Metadata-Version: 2.4
Name: physoce-datasets
Version: 0.1.0
Summary: A Python package and CLI for downloading various physical oceanographic datasets.
Requires-Python: >=3.12
Requires-Dist: cdsapi>=0.7.7
Requires-Dist: cfgrib>=0.9.15.1
Requires-Dist: click>=8.2.1
Requires-Dist: copernicusmarine>=2.3.0
Requires-Dist: ecmwf-datastores-client>=0.5.1
Requires-Dist: gcsfs>=2026.3.0
Requires-Dist: h5py>=3.16.0
Requires-Dist: ipykernel>=7.2.0
Requires-Dist: metpy>=1.7.1
Requires-Dist: numpy>=2.4.4
Requires-Dist: pycoare>=0.4.0
Requires-Dist: python-dotenv>=1.2.2
Requires-Dist: xarray[accel,io,parallel]>=2026.2.0
Description-Content-Type: text/markdown

# physoce-datasets

A Python package and CLI for downloading various physical oceanographic datasets.

## Install

Clone the package and navigate to the directory:

```bash
git clone https://github.com/andrew-s28/physoce-datasets.git
cd physoce-datasets
```

### uv

`uv` is the preferred way to manage this package. Please refer to the [uv installation instructions](https://docs.astral.sh/uv/getting-started/installation/).
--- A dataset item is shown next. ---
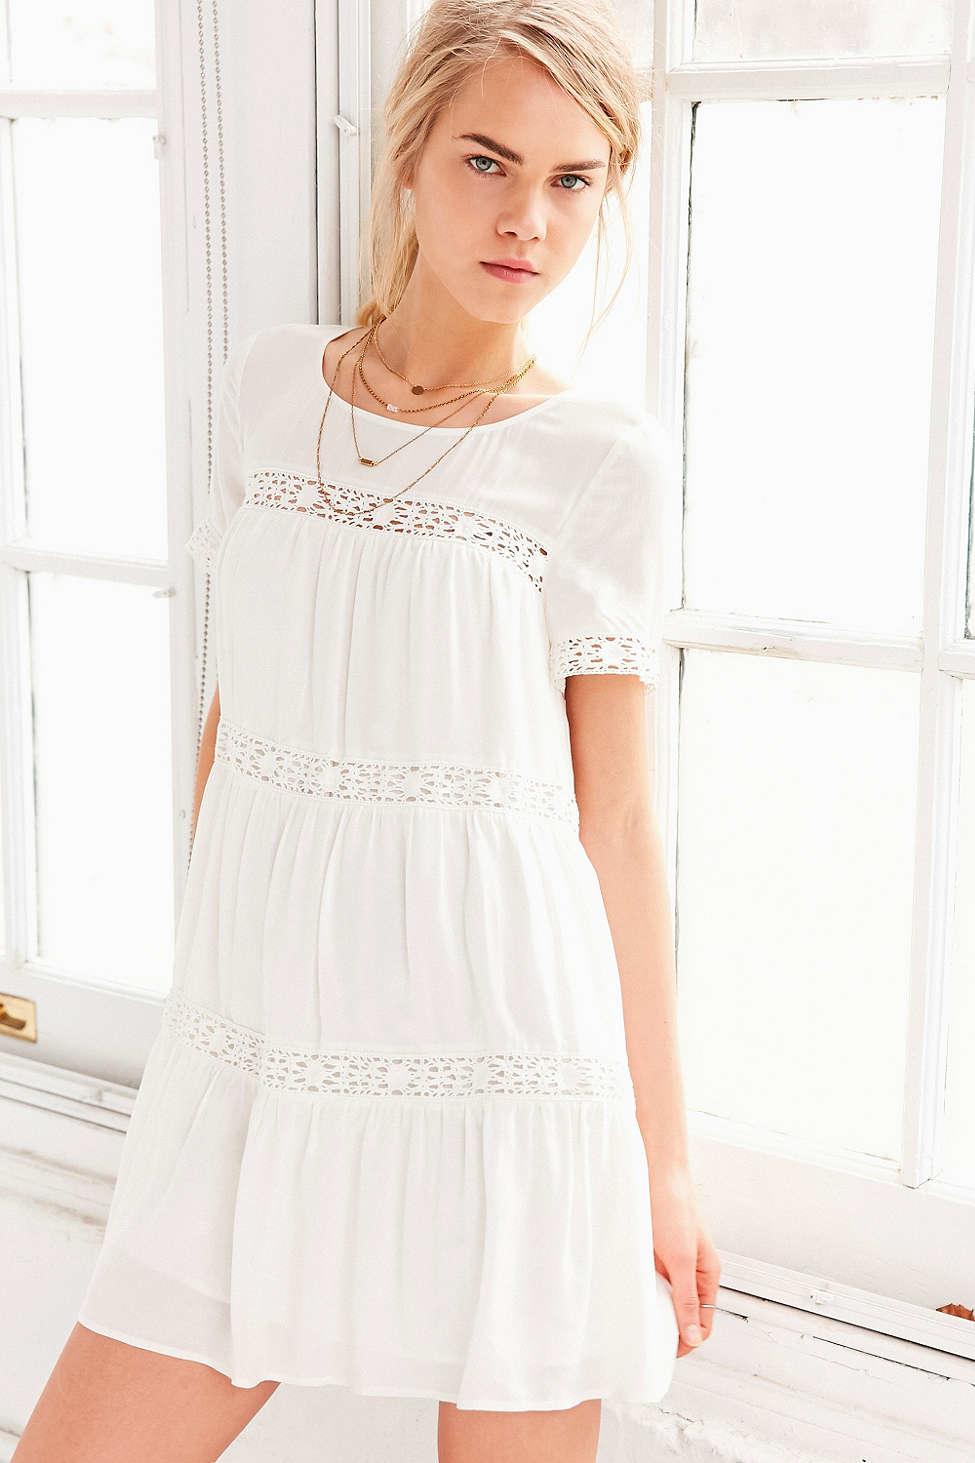 c1fd8580dc6 ALICE   UO Eleonora Crochet Inset Dress in White - Lyst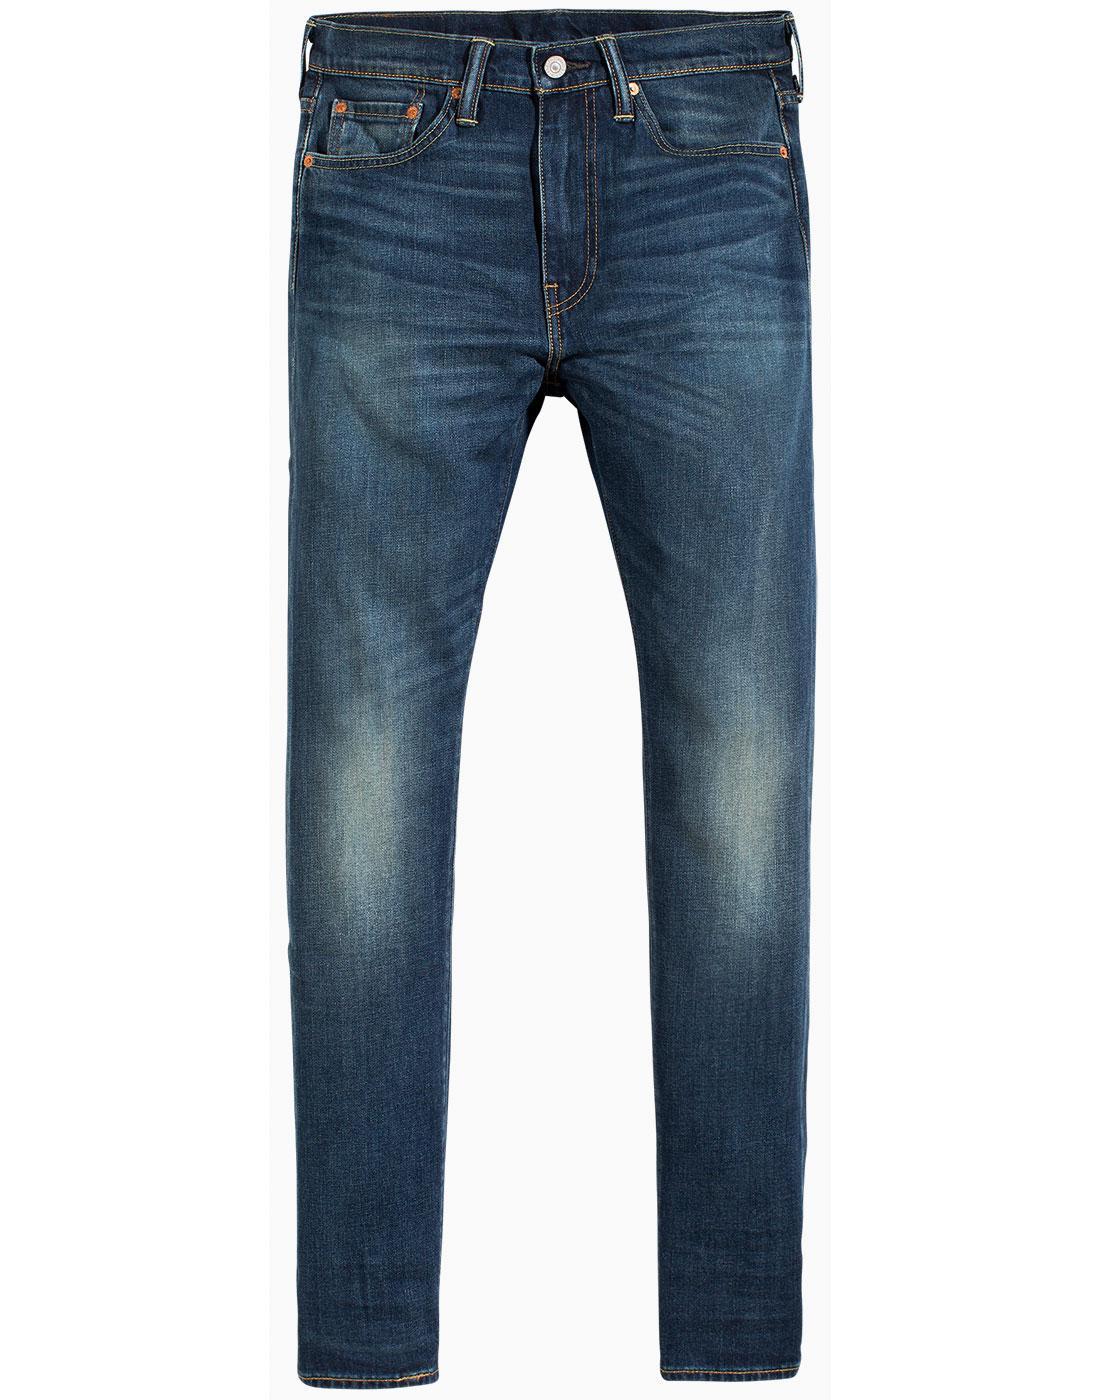 LEVI'S 510 Mod Skinny Fit Jeans MADISON SQUARE

Once uv is installed, you can initialize a virtual environment with `uv sync` or you can run any commands directly with `uv run` and `uv` will handle the `venv` creation and activation auto-magically.

### pip

Of course, you can also use the classic `pip`, but you have to handle creating and activating the `venv` yourself:

```bash
python -m venv .venv
source .venv/bin/activate
pip install -e .
```

## Credentials

Upon usage, this package may prompt for credentials to various data stores. Please refer to their documentation for how to access credentials and how credentials are stored:

- [Copernicus Marine Services](https://toolbox-docs.marine.copernicus.eu/en/stable/usage/login-usage.html)
- [Copernicus Climate Data Store](https://cds.climate.copernicus.eu/how-to-api)

## CLI usage

Run the CLI with uv:

```bash
uv run datasets.py --help
```

Note that if you prefer the `pip` environment management, activate your environment according to the above and replace all `uv run` commands with `python`, e.g.:

```bash
python datasets.py --help
```

Available commands:

- `eke`: Download altimetry-derived geostrophic velocities and compute eddy kinetic energy from Copernicus Marine Services.
- `era5`: ERA5 workflow group with `submit` and `download` subcommands.

Show command help:

```bash
uv run datasets.py eke --help
```

### Options

All commands share the same base options:

- `--save-dir`: Directory where the dataset file is written. If not set, defaults to the package `data/` directory.
- `--start-date`: Start date in `YYYY-MM-DD` format. If not set, uses the earliest available date.
- `--end-date`: End date in `YYYY-MM-DD` format. If not set, uses the latest available date

Run `eke` download with defaults:

```bash
uv run datasets.py eke
```

Submit ERA5 jobs with explicit options:

```bash
uv run datasets.py era5 submit --save-dir data --start-date 2020-01-01 --end-date 2020-01-31 --max-active-requests 10
```

Download and process ERA5 files once all remote jobs are successful:

```bash
uv run datasets.py era5 download --save-dir data
```

The ERA5 workflow writes its progress to `submitted_requests.csv` inside the save directory. If the script exits or is interrupted, rerun the same command to resume from saved state.